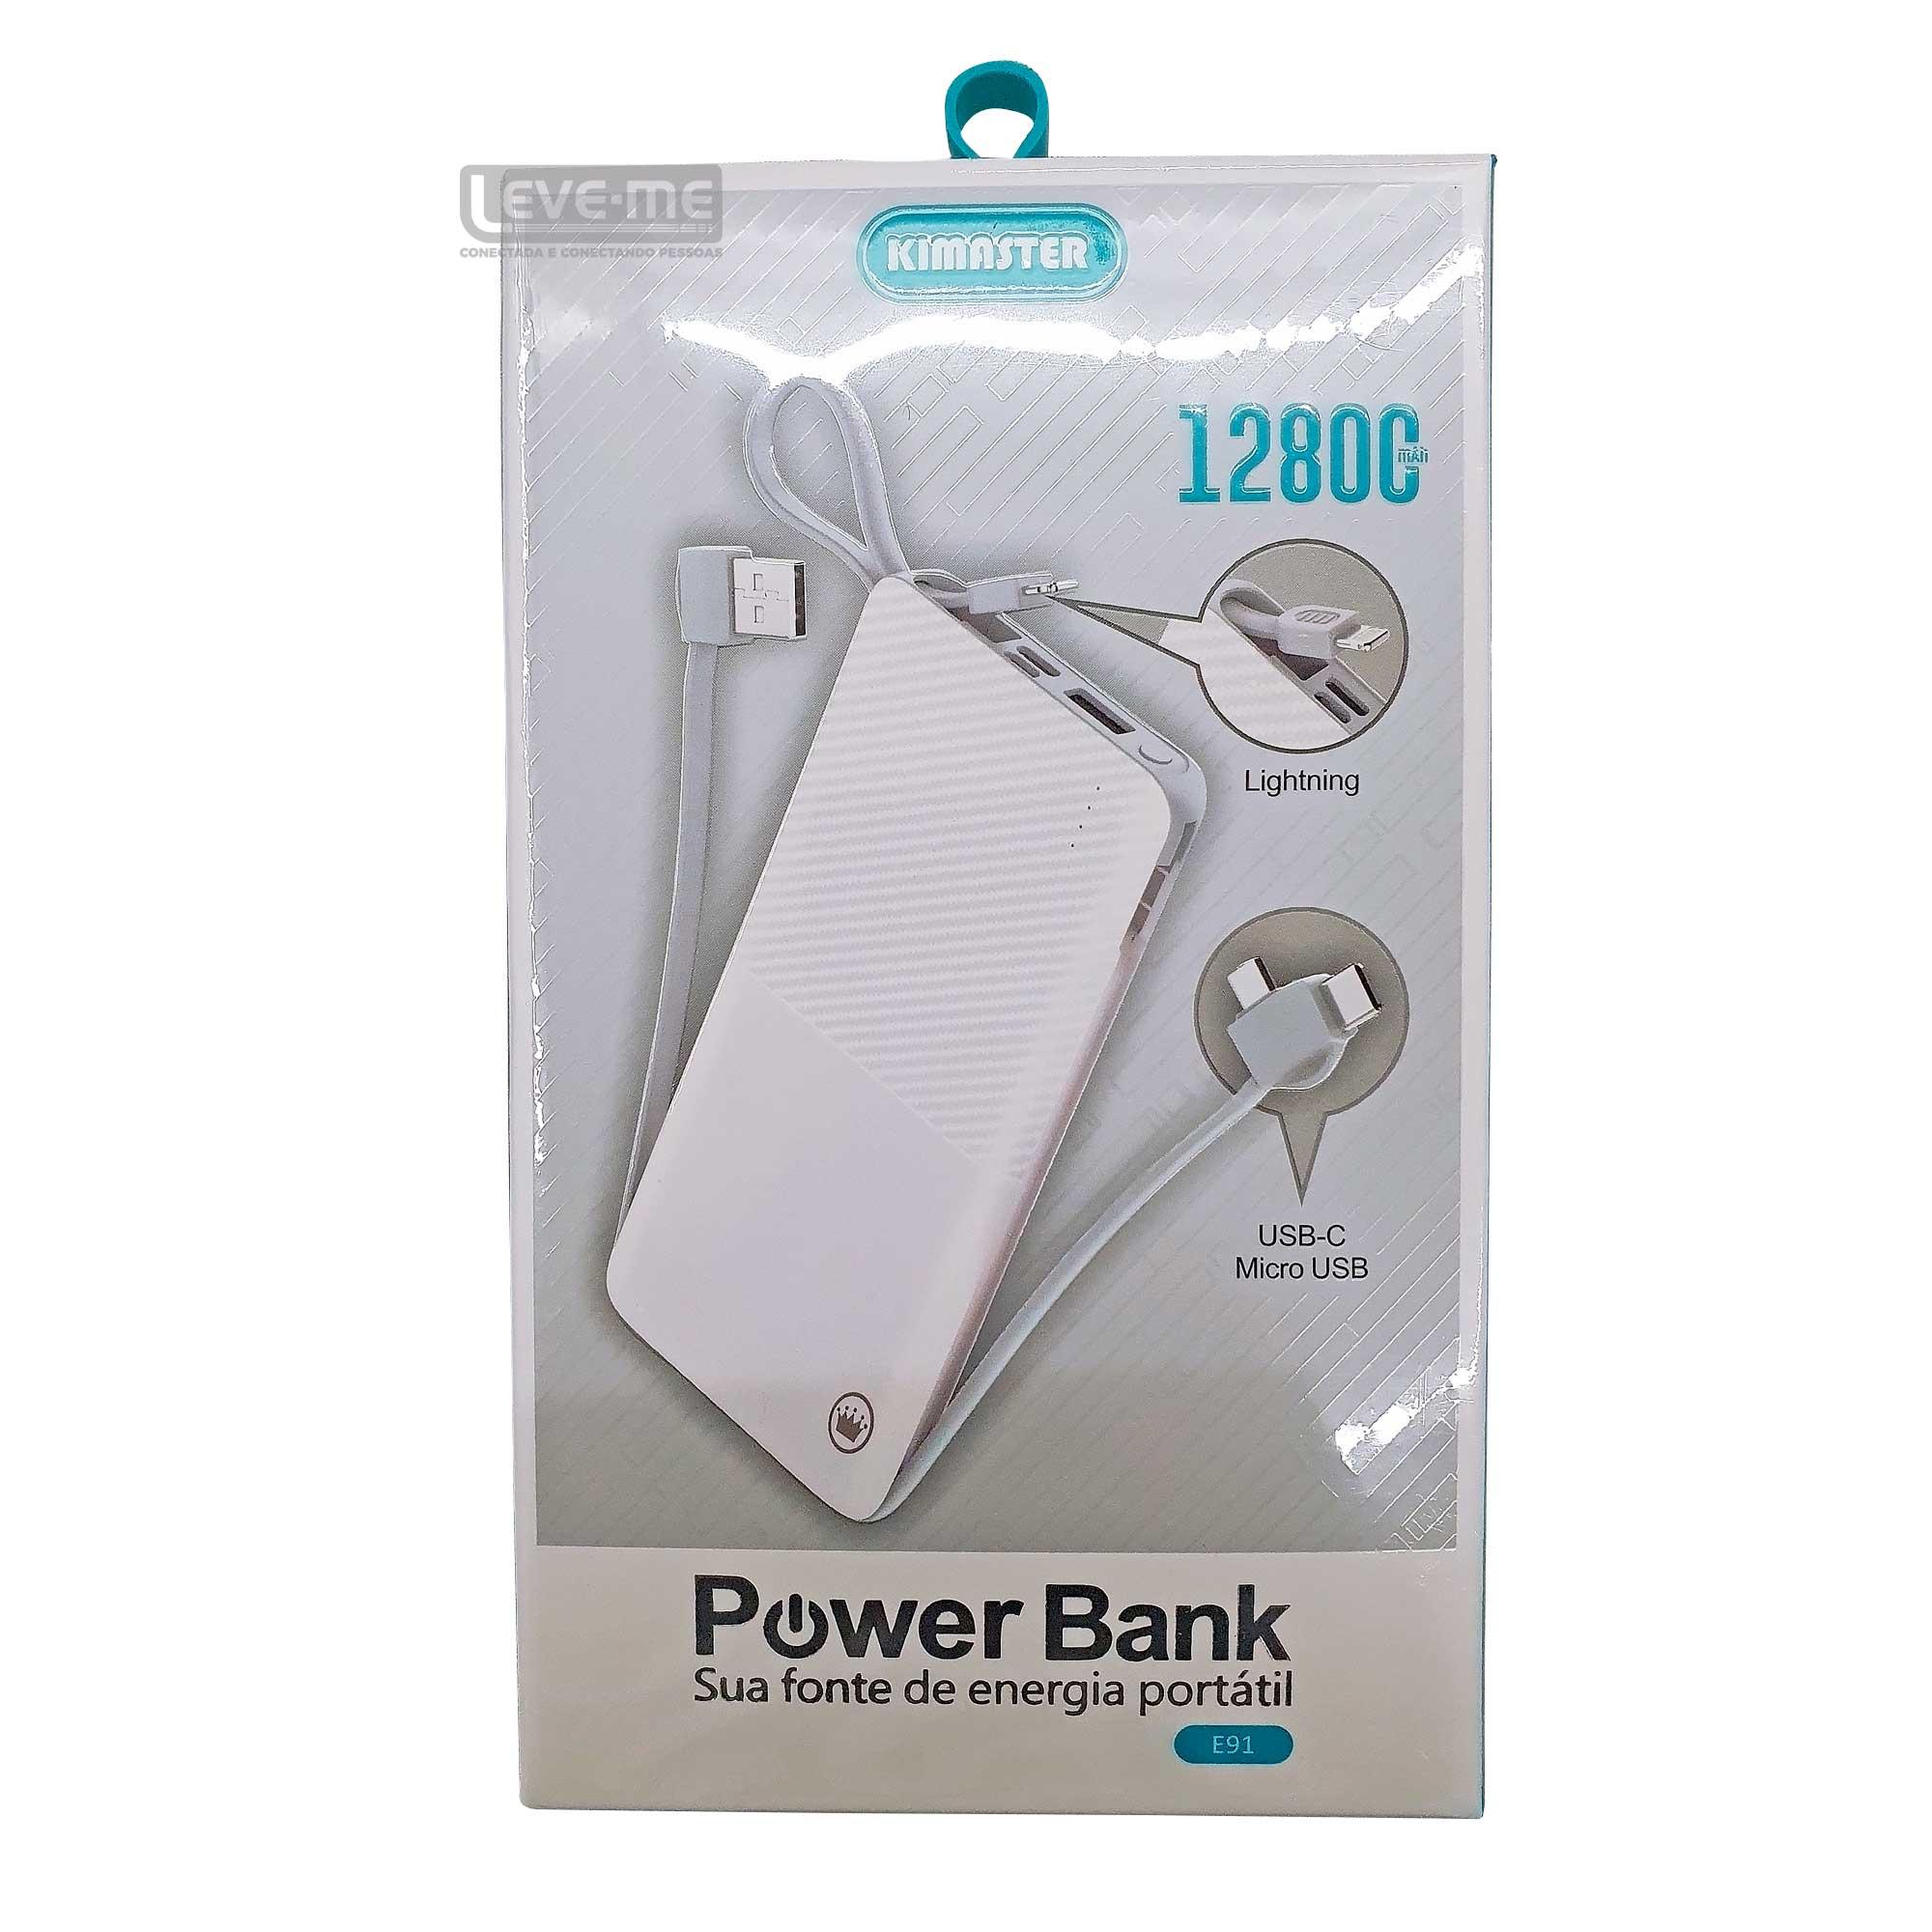 Power Bank Slim com cabo removível
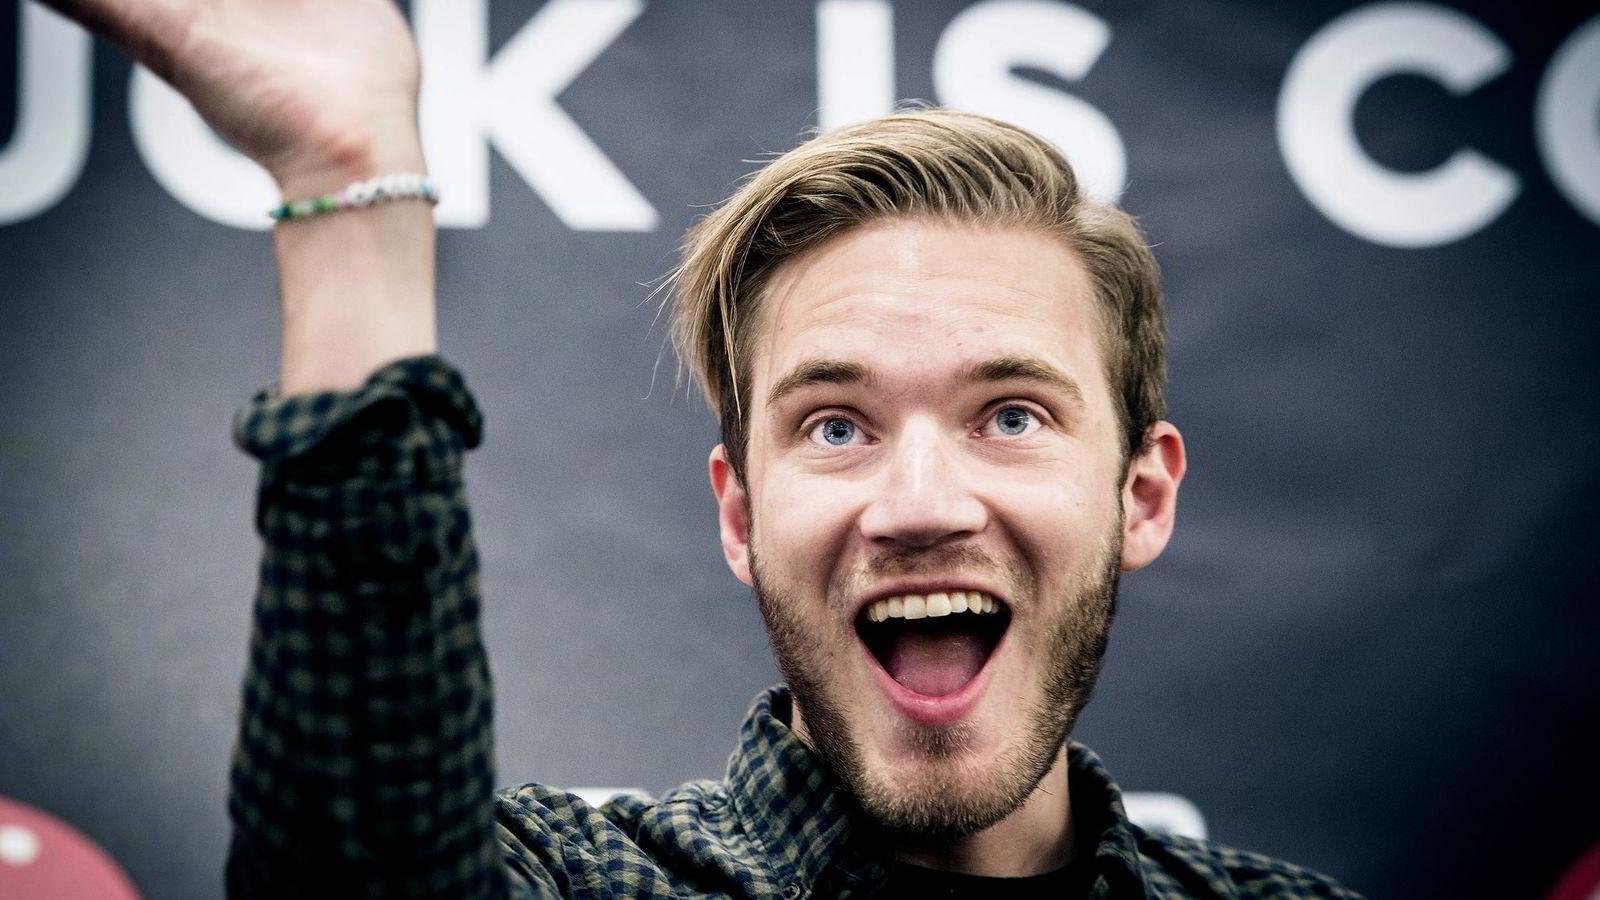 Youtubefenomenet Pewdiepie heter i virkeligheten Felix Kjellberg. Foto: Aftonbladet / IBL Bildbyrå
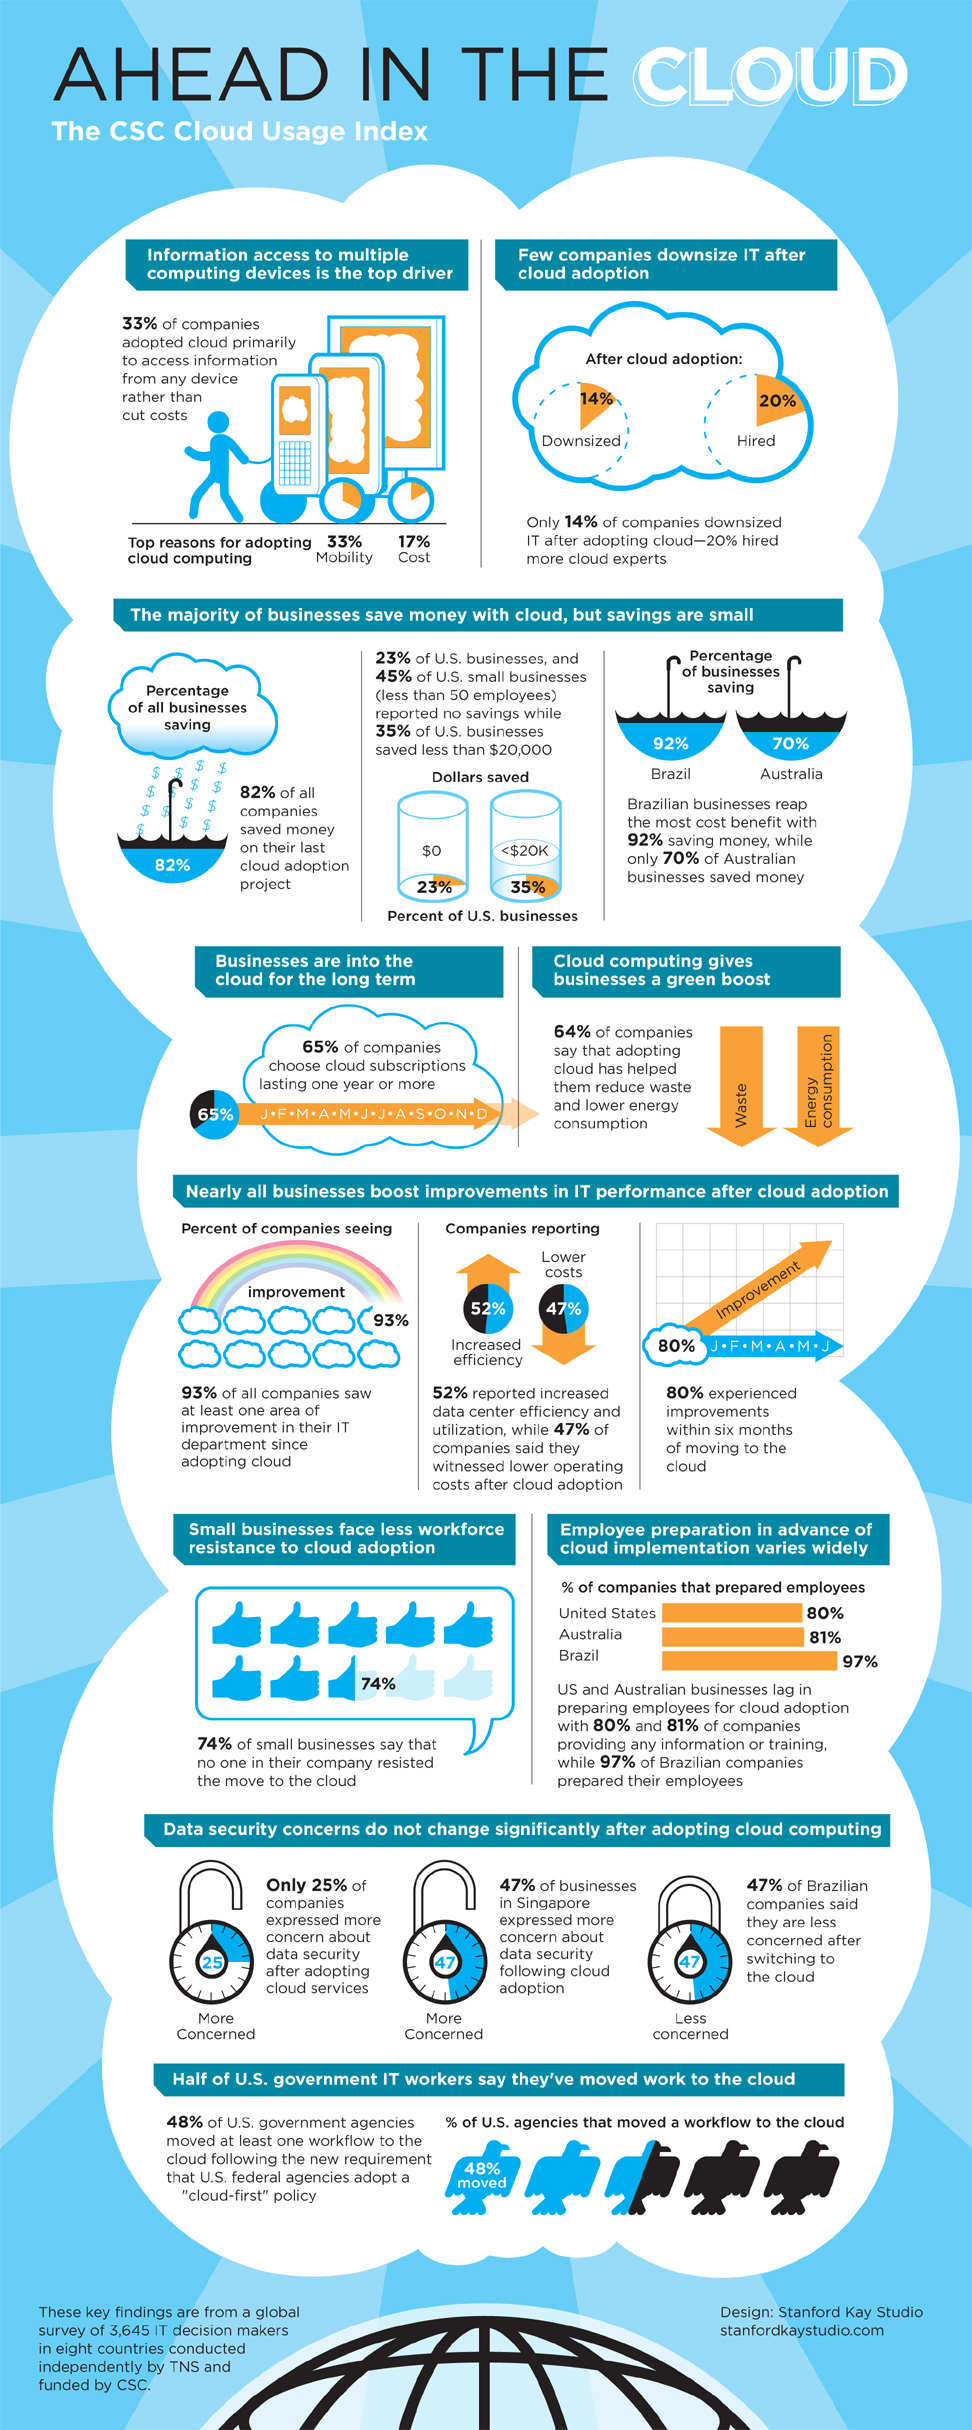 csc-cloud-index-infographic-972.jpg

::::::

__TASK__. Across the whole listing, reproduce each line verbatim and exclude every picture.

__RESPONSE__.
 Power Bank Slim com cabo removível
 Youtubefenomenet Pewdiepie heter i virkeligheten Felix Kjellberg. Foto: Aftonbladet / IBL Bildbyrå
 csc-cloud-index-infographic-972.jpg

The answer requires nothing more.